§ Exercise prompt
Taking the line with "2023 互艺奖 / Interactive Art Awards" as the first and the line with "Transport in sharing" as the last, set down the lines below exactly, pictures excluded.

§ Working data
***
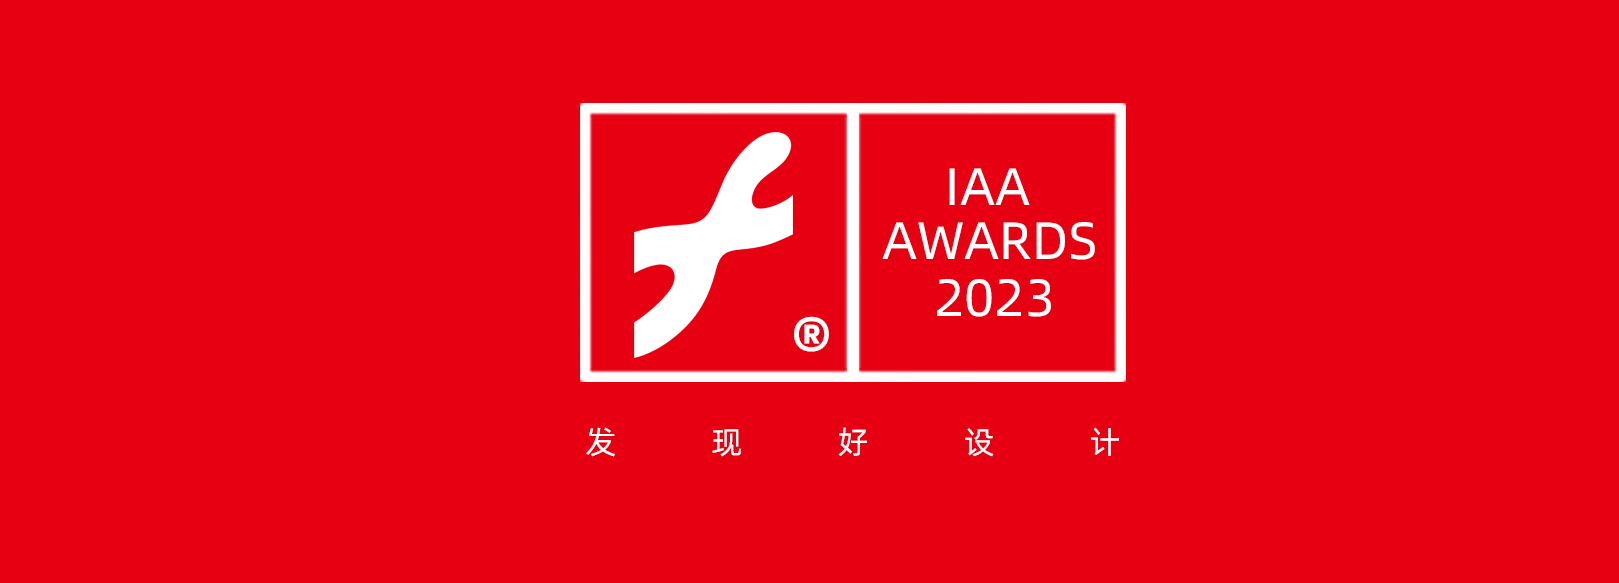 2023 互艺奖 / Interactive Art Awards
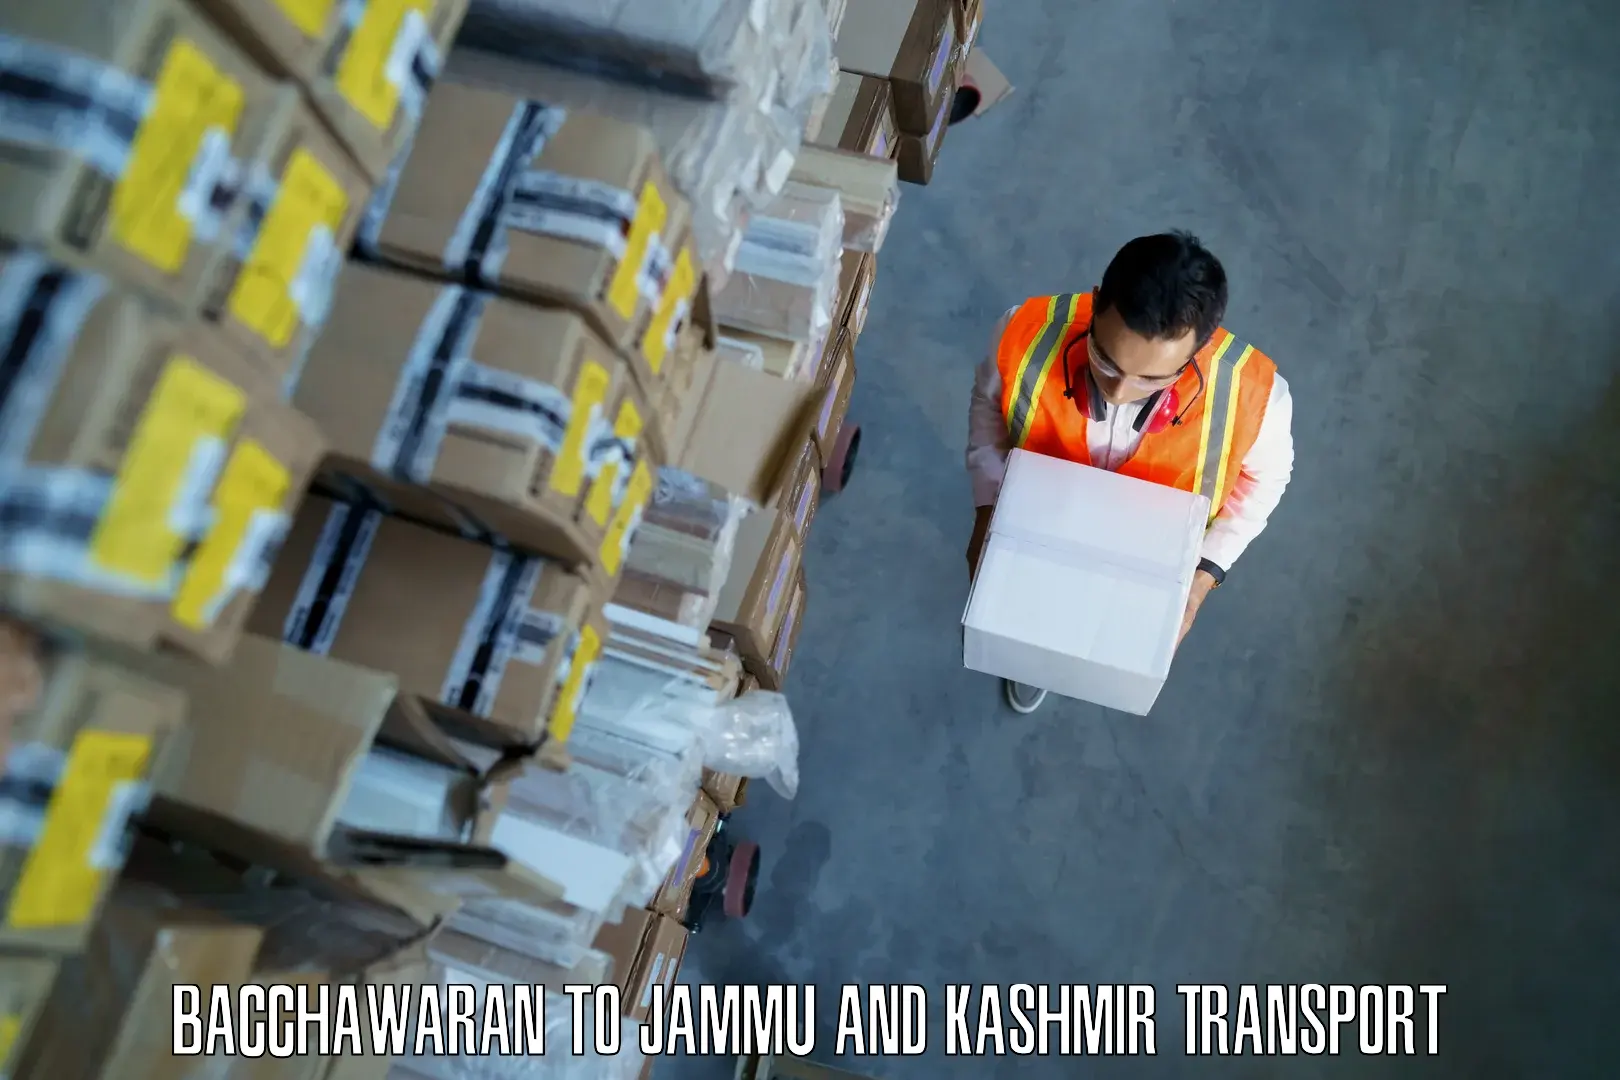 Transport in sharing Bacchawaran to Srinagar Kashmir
***
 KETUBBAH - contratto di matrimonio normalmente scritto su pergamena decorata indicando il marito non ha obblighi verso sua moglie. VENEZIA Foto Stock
***
§ Exercise answer
 2023 互艺奖 / Interactive Art Awards
 Transport in sharing Bacchawaran to Srinagar Kashmir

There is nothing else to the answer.